Несколько минут полежала неподвижно, потом повернулась лицом к стене, глаза ее сомкнулись. Она стала засыпать. Вдруг услышала, как открылась дверь, и из спальни кто-то прошагал по комнате. Наташа медленно повернулась, и, открыв глаза, всмотрелась в тусклую темноту комнаты. Бурным водопадом зашумела спускаемая в туалете вода, тихо хлопнула дверь. Вновь послышались шаги, и в кухне включился свет.

Наташа никого не видела, в освещенной кухне только подрагивала тень от сидящего за столом человека. Звякнул стакан.

«Вот это сынок! Только проснулся – и сразу пить». Он выпил еще, потом еще и затих. Просто сидел, как будто ждал чего-то. Потом поднялся и через комнату пошел в спальню. Громадный, толстый, в одних трусах и майке. На шее у него была тяжелая цепочка. Наташу охватил ужас – она узнала его. Это был тот самый Боров, который вместе со своими друзьями приставал к ней на остановке.

Через несколько минут дверь в спальне открылась, Боров, уже одетый, не поворачивая головы, заглянул в кухню, выключил свет и вышел на лестничную площадку. От нервного шока у Наташи учащенно забилось сердце. Она догадалась – объявление на остановке повесил Боров и, вероятно, не впервые, таким способом заманивая в свою квартиру приезжих девушек. Значит, она действительно попала в ловушку. Уткнувшись лицом в подушку, она ощутила горячую влагу слез, стала еле слышно всхлипывать и долго не могла заснуть. «Надо немедленно искать другую квартиру, – рассуждала она. – Если останусь живой, уйду пораньше утром, сразу же возьму сумку и больше не вернусь сюда. Нет, я замучаюсь весь день таскать ее с собой. Сначала найду квартиру, а потом приеду за сумкой. Придется снова заходить сюда, но что же делать?»

Она едва сомкнула глаза, как внезапно проснулась, словно кто-то разбудил ее. В окне уже начало светлеть. Эта ночь выбила ее из сил. В самом лучшем случае ей удалось поспать не более двух часов. Она некоторое время лежала с открытыми глазами, чутко прислушиваясь, не вернулся ли Боров в свою спальню. Постепенно мутная предрассветная серость сменилась свежестью раннего утра. Наташа поднялась, умылась, надела свое самое лучшее платье, которое надевала только по праздникам, и хотела уже выскочить, но, оглянувшись, увидела Марию Степановну. Та тоже проснулась и, опустив ноги на пол, с помятым лицом сидела на кровати.

– Ты пошла? – спросила она скрипучим заспанным голосом. – Кофе попила бы.
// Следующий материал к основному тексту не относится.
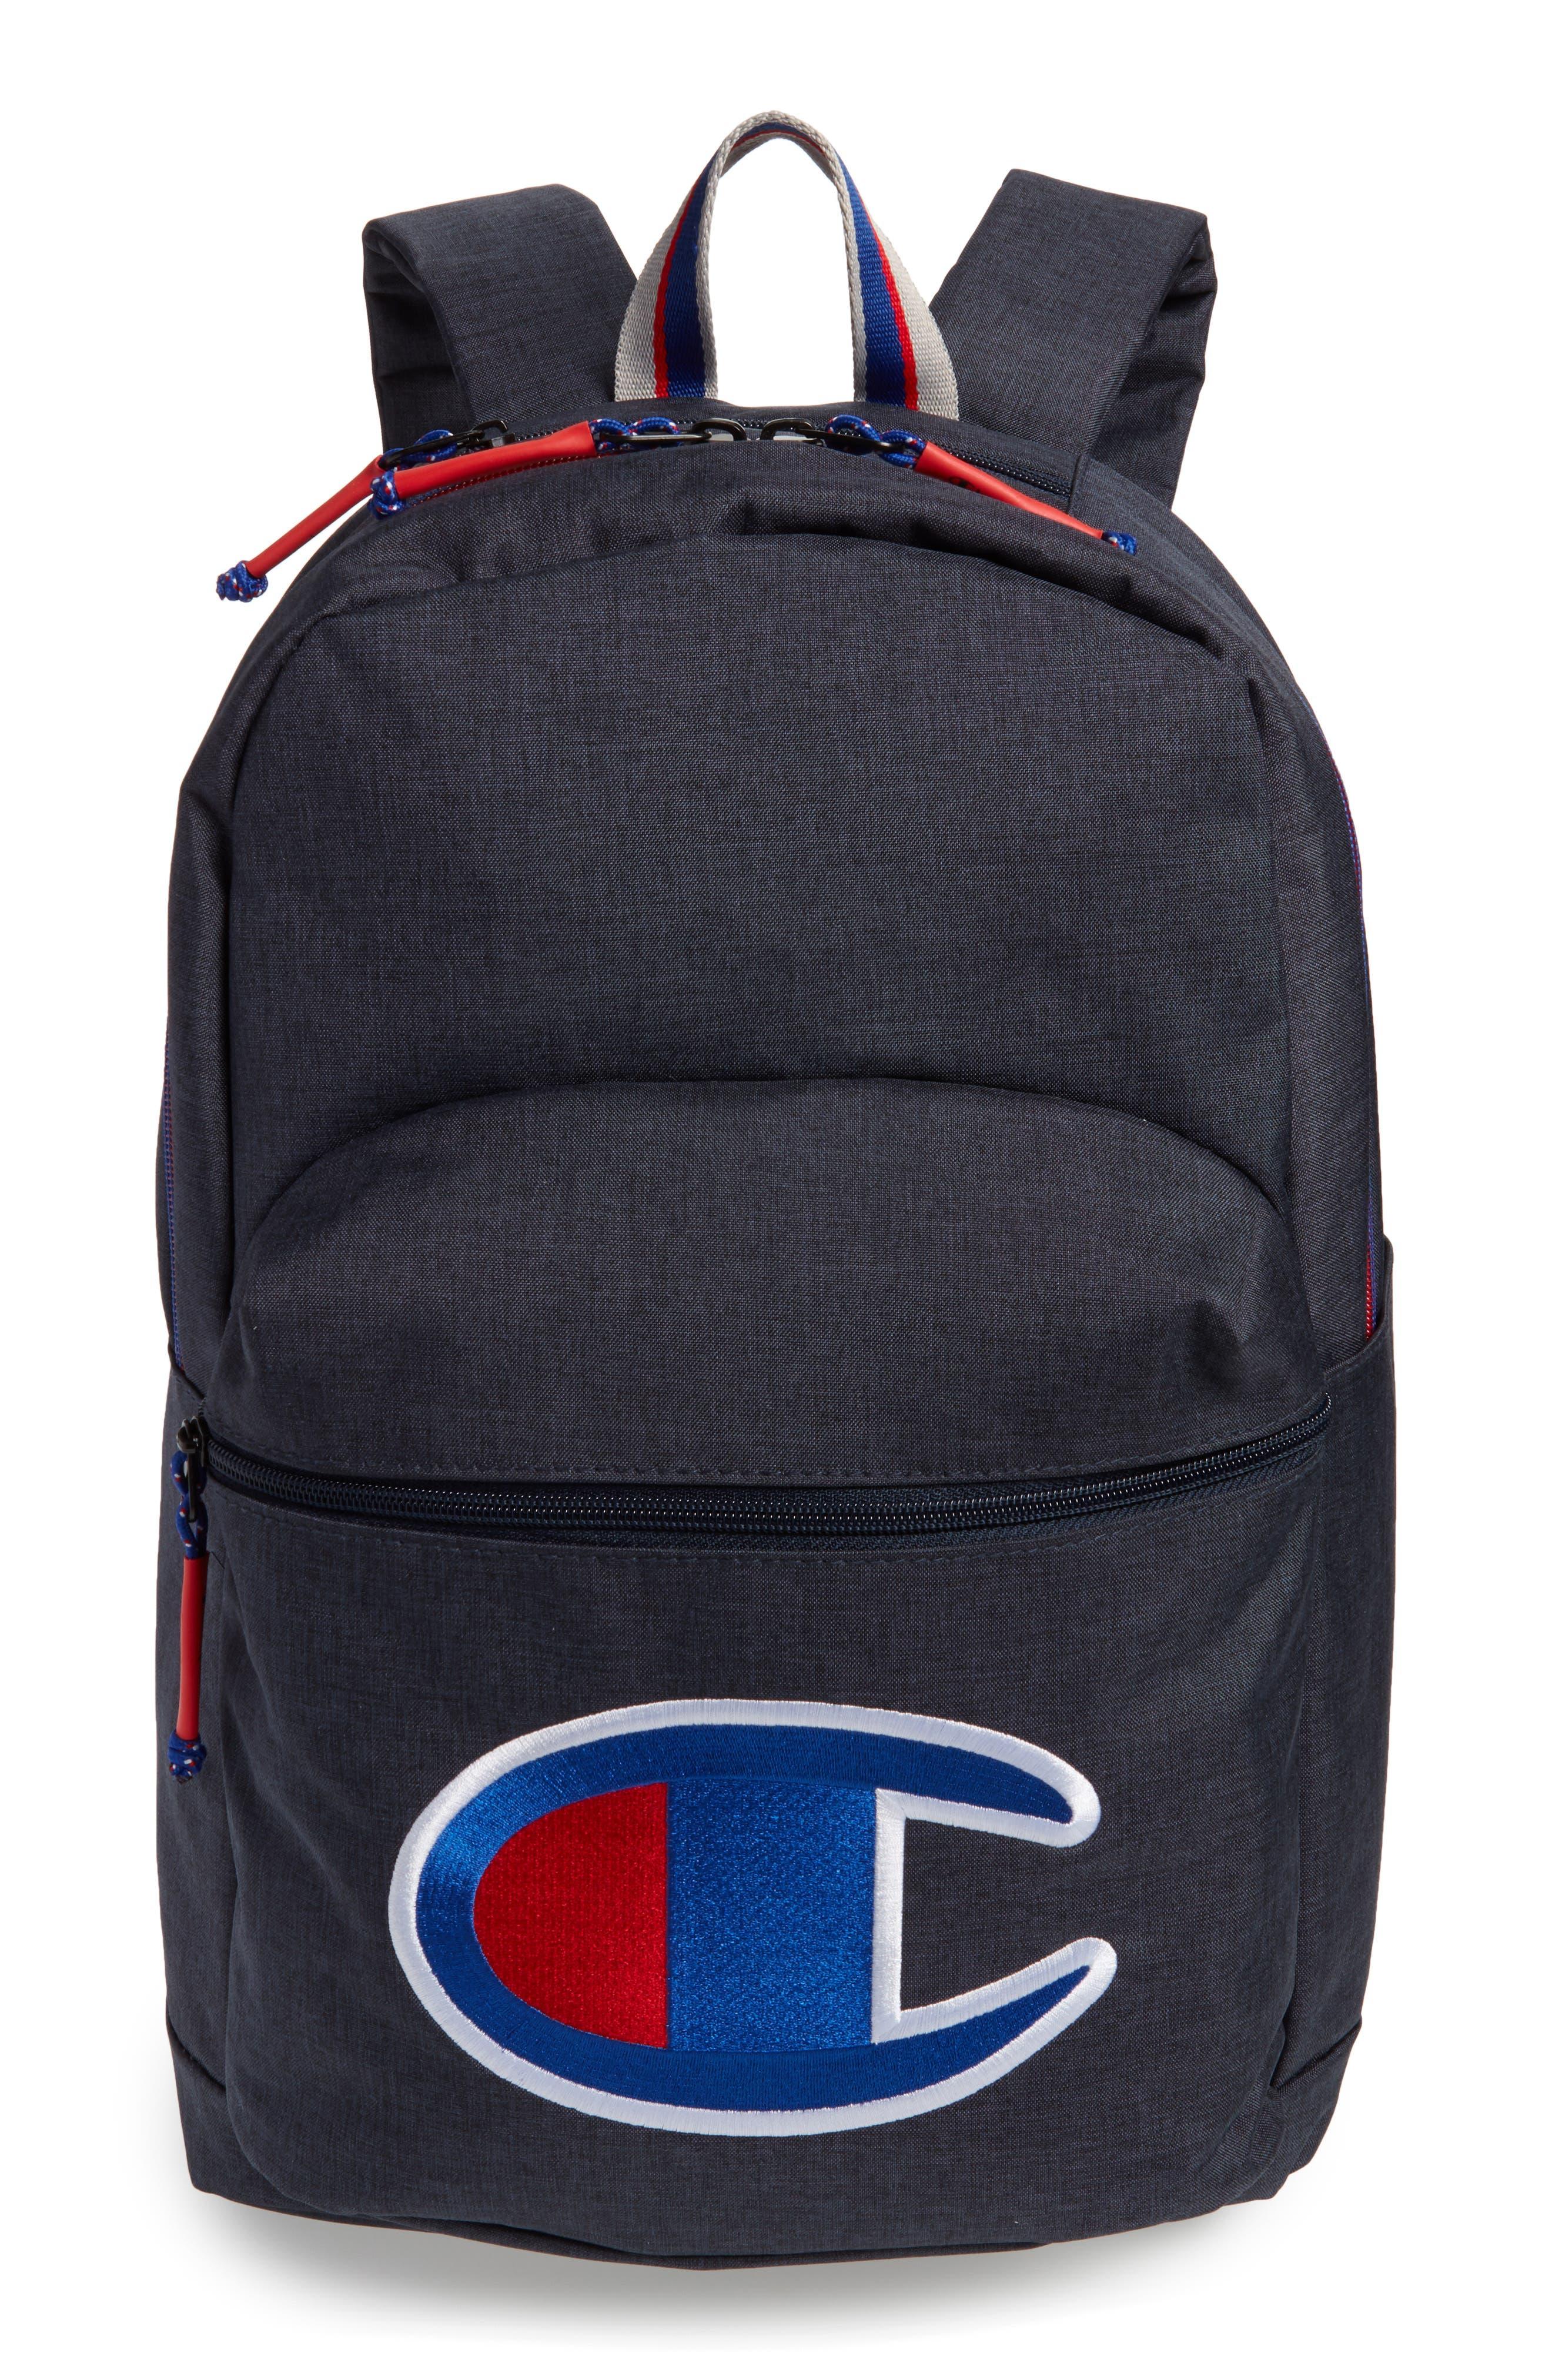 CHAMPION, Supercize Backpack, Main thumbnail 1, color, 410

– Я уже опаздываю, – обманула Наташа.

– Тогда возьми ключ от квартиры. – Мария Степановна подошла к шкафу, пошарила рукой по полке и подала его. – Это будет твой ключ.

* * *

Спустя час Наташа сидела в аудитории на вводной лекции по химии. Профессор, ответив добродушной улыбкой на приветствие первокурсников, достал из затертого портфеля и разложил на крышке кафедры свои записи, просмотрел их, опытным взглядом окинул аудиторию, еще раз улыбнулся сидящим на галерке, видимо, желая привлечь их внимание и расположить к себе, продиктовал тему. Уткнувшись в заготовленную лекцию, но, явно не читая, а как бы попутно интересуясь тем, что там у него написано, завел непринужденный разговор. Затем вовсе покинул кафедру и, прохаживаясь туда-сюда, своими ясными и четкими рассуждениями незаметно увлек слушателей.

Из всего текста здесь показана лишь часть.